*Data extracted from a collection*:
"""

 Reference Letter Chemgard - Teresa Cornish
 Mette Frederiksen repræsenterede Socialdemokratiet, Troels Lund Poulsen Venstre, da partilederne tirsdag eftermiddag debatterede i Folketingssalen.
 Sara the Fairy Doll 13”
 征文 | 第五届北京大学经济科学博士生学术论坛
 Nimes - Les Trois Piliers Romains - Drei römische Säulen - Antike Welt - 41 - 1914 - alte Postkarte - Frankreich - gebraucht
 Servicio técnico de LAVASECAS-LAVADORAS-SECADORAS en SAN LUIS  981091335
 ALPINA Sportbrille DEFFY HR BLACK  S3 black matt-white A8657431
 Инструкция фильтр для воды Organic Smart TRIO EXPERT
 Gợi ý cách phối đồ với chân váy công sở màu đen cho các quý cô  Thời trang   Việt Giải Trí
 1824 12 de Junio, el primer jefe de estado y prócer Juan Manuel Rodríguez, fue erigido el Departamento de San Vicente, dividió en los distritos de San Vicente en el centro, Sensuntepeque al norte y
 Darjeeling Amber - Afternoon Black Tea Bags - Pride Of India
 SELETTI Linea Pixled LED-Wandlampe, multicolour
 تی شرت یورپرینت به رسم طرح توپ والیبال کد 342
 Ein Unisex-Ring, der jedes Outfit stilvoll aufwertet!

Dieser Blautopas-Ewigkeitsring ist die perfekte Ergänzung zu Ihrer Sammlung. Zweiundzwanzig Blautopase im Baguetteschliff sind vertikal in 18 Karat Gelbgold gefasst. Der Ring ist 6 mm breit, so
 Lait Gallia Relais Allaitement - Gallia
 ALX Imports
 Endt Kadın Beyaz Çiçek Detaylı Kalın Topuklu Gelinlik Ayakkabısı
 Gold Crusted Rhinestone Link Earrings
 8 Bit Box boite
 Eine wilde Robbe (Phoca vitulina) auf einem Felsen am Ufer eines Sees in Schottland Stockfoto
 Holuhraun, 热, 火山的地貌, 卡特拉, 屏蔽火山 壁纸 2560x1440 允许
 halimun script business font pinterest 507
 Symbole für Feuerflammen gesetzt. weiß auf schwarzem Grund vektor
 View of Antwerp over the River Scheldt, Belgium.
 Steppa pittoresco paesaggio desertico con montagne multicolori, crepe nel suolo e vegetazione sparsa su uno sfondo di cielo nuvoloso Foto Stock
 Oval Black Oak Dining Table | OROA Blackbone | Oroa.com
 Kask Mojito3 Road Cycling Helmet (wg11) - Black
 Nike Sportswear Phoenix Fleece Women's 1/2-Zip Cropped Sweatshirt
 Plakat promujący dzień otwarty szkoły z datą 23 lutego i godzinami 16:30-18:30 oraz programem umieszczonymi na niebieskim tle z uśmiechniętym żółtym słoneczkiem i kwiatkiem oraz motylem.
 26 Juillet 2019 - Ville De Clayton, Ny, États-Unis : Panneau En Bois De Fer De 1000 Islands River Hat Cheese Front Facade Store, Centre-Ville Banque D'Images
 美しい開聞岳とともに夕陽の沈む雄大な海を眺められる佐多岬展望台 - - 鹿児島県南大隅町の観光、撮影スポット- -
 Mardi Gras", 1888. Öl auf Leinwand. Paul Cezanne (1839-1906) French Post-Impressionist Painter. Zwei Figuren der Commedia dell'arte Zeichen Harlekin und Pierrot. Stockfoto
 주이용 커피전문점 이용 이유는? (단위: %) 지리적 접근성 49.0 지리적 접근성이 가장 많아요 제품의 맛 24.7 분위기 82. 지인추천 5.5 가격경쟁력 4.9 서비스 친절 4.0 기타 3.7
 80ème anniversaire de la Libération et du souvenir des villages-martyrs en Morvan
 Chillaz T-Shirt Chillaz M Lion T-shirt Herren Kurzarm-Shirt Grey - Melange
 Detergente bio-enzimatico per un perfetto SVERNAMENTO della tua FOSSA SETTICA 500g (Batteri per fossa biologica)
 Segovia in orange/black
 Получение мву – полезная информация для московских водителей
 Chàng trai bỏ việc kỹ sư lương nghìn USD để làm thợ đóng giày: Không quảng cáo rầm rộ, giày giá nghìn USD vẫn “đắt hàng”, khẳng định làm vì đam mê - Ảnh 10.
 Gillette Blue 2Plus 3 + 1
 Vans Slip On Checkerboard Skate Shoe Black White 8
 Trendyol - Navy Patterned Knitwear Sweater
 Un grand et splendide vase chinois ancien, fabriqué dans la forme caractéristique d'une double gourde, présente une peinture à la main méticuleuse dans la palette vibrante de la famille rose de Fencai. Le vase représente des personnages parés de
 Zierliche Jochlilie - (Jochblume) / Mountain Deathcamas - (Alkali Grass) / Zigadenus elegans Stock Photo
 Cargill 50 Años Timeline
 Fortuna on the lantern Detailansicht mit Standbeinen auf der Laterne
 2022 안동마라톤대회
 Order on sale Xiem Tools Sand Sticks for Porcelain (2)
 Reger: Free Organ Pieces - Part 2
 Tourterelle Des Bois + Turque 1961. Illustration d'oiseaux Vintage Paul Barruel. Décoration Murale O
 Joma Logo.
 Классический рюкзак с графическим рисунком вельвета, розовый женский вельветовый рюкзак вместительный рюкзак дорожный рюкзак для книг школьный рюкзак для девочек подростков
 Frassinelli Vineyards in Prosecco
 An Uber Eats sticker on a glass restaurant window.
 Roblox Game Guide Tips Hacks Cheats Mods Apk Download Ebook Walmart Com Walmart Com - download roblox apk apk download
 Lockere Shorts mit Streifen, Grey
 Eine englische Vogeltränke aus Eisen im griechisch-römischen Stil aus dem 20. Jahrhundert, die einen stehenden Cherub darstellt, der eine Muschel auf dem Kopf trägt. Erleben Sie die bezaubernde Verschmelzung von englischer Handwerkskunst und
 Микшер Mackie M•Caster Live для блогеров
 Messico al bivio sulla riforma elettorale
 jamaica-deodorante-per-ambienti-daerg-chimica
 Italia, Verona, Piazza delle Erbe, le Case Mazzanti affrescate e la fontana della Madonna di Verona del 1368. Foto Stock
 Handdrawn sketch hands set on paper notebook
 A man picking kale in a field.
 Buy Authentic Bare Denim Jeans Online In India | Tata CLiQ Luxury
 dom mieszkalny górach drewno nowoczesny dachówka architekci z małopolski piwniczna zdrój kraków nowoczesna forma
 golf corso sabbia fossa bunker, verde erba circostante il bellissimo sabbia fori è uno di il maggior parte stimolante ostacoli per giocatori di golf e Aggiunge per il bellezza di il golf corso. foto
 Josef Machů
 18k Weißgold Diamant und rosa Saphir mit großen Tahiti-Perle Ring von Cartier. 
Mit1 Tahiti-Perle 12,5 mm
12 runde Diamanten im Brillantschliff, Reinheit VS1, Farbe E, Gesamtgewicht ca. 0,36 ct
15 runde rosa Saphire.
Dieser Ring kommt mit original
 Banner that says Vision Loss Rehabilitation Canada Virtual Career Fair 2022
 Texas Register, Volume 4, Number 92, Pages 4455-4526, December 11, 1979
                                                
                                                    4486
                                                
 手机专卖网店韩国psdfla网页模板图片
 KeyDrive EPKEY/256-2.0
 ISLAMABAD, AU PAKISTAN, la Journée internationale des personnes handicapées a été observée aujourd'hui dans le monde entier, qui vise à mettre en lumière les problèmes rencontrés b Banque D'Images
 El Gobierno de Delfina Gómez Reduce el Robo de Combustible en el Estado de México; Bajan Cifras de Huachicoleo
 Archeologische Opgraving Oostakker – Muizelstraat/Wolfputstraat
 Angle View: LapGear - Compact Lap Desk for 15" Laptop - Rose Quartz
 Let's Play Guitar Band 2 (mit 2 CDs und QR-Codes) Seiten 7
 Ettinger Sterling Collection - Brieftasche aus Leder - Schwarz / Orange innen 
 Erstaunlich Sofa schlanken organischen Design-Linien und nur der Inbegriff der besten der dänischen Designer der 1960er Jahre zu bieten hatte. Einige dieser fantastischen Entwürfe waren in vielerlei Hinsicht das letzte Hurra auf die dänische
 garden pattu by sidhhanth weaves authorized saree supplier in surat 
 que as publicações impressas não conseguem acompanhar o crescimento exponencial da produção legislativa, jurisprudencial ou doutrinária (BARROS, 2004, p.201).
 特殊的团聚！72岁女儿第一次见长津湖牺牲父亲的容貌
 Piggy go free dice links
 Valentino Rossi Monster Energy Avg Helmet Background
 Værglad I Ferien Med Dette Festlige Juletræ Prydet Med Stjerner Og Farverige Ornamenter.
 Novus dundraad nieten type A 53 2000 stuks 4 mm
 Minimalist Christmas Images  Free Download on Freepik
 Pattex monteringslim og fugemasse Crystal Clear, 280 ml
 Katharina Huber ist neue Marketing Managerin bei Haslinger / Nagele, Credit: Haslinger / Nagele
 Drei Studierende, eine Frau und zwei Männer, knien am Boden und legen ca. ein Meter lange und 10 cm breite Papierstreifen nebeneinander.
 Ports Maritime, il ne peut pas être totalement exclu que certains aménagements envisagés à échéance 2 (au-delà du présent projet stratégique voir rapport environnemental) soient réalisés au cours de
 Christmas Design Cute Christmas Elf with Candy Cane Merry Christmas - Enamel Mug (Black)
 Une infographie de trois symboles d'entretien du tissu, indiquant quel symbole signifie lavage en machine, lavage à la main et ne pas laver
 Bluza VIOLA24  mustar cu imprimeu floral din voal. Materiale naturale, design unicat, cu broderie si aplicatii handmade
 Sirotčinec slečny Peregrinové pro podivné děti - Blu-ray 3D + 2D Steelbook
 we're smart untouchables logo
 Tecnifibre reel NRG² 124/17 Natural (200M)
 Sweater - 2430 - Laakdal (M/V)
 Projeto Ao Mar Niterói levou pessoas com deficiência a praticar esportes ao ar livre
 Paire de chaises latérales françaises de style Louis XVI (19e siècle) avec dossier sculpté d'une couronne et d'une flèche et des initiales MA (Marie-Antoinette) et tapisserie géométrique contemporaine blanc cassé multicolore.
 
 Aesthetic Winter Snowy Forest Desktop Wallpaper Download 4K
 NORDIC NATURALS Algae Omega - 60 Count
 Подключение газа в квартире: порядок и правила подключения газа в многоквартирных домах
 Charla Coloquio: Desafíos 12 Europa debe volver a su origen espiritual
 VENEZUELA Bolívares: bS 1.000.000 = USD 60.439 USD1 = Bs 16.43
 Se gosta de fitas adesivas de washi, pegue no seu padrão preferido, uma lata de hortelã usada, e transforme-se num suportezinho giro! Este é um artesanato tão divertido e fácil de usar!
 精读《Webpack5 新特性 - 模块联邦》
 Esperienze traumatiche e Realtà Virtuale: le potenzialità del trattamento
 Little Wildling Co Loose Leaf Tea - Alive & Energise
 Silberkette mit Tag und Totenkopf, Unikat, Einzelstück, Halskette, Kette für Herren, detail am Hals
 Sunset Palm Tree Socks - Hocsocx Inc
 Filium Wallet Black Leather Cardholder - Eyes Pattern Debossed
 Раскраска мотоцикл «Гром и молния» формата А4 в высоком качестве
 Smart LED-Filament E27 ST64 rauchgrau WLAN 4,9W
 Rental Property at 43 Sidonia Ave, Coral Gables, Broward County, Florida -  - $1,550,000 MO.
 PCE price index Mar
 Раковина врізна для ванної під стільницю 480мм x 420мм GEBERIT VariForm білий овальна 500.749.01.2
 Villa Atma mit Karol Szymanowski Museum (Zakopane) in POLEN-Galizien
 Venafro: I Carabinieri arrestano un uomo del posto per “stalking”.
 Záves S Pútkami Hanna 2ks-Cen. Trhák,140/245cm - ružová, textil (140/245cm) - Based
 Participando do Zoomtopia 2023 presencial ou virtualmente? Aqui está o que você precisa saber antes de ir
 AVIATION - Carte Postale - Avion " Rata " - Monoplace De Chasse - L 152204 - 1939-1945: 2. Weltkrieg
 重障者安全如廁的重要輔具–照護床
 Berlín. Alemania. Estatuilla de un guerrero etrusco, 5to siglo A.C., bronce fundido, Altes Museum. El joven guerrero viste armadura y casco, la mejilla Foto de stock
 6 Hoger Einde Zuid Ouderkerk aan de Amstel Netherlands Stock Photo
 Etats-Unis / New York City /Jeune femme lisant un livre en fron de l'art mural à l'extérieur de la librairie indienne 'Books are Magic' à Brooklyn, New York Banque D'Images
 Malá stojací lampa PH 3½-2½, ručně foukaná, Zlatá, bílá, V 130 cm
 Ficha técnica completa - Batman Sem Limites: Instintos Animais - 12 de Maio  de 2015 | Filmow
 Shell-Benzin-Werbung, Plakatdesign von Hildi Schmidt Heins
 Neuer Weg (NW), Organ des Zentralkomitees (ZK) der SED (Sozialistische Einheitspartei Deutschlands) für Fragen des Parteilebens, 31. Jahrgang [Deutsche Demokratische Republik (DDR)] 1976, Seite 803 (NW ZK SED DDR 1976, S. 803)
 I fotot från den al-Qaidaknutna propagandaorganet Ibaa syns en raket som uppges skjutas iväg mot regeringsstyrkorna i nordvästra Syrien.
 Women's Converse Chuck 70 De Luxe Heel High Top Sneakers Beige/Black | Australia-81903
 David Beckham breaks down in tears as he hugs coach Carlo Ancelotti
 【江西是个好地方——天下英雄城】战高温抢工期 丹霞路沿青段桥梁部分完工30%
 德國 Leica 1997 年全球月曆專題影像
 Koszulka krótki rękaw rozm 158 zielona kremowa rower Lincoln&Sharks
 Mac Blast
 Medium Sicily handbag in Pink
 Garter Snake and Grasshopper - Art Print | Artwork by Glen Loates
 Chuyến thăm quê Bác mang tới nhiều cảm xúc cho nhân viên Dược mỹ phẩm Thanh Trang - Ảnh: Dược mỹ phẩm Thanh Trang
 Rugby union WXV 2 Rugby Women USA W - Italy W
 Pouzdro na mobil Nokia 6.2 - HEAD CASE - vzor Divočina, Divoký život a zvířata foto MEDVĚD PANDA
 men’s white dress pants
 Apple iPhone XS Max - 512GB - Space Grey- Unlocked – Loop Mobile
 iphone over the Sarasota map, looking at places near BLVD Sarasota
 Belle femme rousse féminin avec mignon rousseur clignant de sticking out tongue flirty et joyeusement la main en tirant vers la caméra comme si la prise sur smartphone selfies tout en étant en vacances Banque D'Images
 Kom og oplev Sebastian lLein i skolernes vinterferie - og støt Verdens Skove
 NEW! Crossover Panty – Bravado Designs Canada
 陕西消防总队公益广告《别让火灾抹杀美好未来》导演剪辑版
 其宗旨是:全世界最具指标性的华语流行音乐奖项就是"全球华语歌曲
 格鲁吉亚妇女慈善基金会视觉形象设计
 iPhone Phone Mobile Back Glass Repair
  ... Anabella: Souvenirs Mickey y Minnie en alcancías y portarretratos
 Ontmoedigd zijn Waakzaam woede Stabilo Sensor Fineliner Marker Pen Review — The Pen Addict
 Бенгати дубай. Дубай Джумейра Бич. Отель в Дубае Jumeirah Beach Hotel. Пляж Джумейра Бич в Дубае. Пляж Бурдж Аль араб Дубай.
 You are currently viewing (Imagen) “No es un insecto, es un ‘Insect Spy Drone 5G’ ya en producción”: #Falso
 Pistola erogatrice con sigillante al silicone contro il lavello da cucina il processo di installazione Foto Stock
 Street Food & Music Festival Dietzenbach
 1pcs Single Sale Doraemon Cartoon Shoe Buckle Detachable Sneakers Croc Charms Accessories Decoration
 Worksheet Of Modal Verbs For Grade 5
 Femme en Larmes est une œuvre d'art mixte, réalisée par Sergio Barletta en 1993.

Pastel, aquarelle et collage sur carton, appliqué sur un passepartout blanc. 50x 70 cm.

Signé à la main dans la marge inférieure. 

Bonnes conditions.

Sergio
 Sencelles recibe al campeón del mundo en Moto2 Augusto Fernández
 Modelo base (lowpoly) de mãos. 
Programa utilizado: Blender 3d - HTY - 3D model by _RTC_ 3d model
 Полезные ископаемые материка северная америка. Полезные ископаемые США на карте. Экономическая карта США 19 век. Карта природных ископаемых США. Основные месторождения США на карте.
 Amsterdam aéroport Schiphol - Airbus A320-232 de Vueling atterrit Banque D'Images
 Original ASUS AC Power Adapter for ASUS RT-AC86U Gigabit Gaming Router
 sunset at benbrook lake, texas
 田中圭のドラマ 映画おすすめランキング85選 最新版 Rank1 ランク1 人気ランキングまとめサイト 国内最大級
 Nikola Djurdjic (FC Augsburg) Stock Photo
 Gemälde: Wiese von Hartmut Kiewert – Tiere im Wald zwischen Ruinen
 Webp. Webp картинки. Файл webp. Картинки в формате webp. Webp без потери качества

"""

*Exercise instructions*:
Take exactly the lines from the one containing "Malá stojací lampa" through the one containing "Ontmoedigd zijn Waakzaam" in the data above, and output them with nothing added.

*Written solution*:
 Malá stojací lampa PH 3½-2½, ručně foukaná, Zlatá, bílá, V 130 cm
 Ficha técnica completa - Batman Sem Limites: Instintos Animais - 12 de Maio  de 2015 | Filmow
 Shell-Benzin-Werbung, Plakatdesign von Hildi Schmidt Heins
 Neuer Weg (NW), Organ des Zentralkomitees (ZK) der SED (Sozialistische Einheitspartei Deutschlands) für Fragen des Parteilebens, 31. Jahrgang [Deutsche Demokratische Republik (DDR)] 1976, Seite 803 (NW ZK SED DDR 1976, S. 803)
 I fotot från den al-Qaidaknutna propagandaorganet Ibaa syns en raket som uppges skjutas iväg mot regeringsstyrkorna i nordvästra Syrien.
 Women's Converse Chuck 70 De Luxe Heel High Top Sneakers Beige/Black | Australia-81903
 David Beckham breaks down in tears as he hugs coach Carlo Ancelotti
 【江西是个好地方——天下英雄城】战高温抢工期 丹霞路沿青段桥梁部分完工30%
 德國 Leica 1997 年全球月曆專題影像
 Koszulka krótki rękaw rozm 158 zielona kremowa rower Lincoln&Sharks
 Mac Blast
 Medium Sicily handbag in Pink
 Garter Snake and Grasshopper - Art Print | Artwork by Glen Loates
 Chuyến thăm quê Bác mang tới nhiều cảm xúc cho nhân viên Dược mỹ phẩm Thanh Trang - Ảnh: Dược mỹ phẩm Thanh Trang
 Rugby union WXV 2 Rugby Women USA W - Italy W
 Pouzdro na mobil Nokia 6.2 - HEAD CASE - vzor Divočina, Divoký život a zvířata foto MEDVĚD PANDA
 men’s white dress pants
 Apple iPhone XS Max - 512GB - Space Grey- Unlocked – Loop Mobile
 iphone over the Sarasota map, looking at places near BLVD Sarasota
 Belle femme rousse féminin avec mignon rousseur clignant de sticking out tongue flirty et joyeusement la main en tirant vers la caméra comme si la prise sur smartphone selfies tout en étant en vacances Banque D'Images
 Kom og oplev Sebastian lLein i skolernes vinterferie - og støt Verdens Skove
 NEW! Crossover Panty – Bravado Designs Canada
 陕西消防总队公益广告《别让火灾抹杀美好未来》导演剪辑版
 其宗旨是:全世界最具指标性的华语流行音乐奖项就是"全球华语歌曲
 格鲁吉亚妇女慈善基金会视觉形象设计
 iPhone Phone Mobile Back Glass Repair
  ... Anabella: Souvenirs Mickey y Minnie en alcancías y portarretratos
 Ontmoedigd zijn Waakzaam woede Stabilo Sensor Fineliner Marker Pen Review — The Pen Addict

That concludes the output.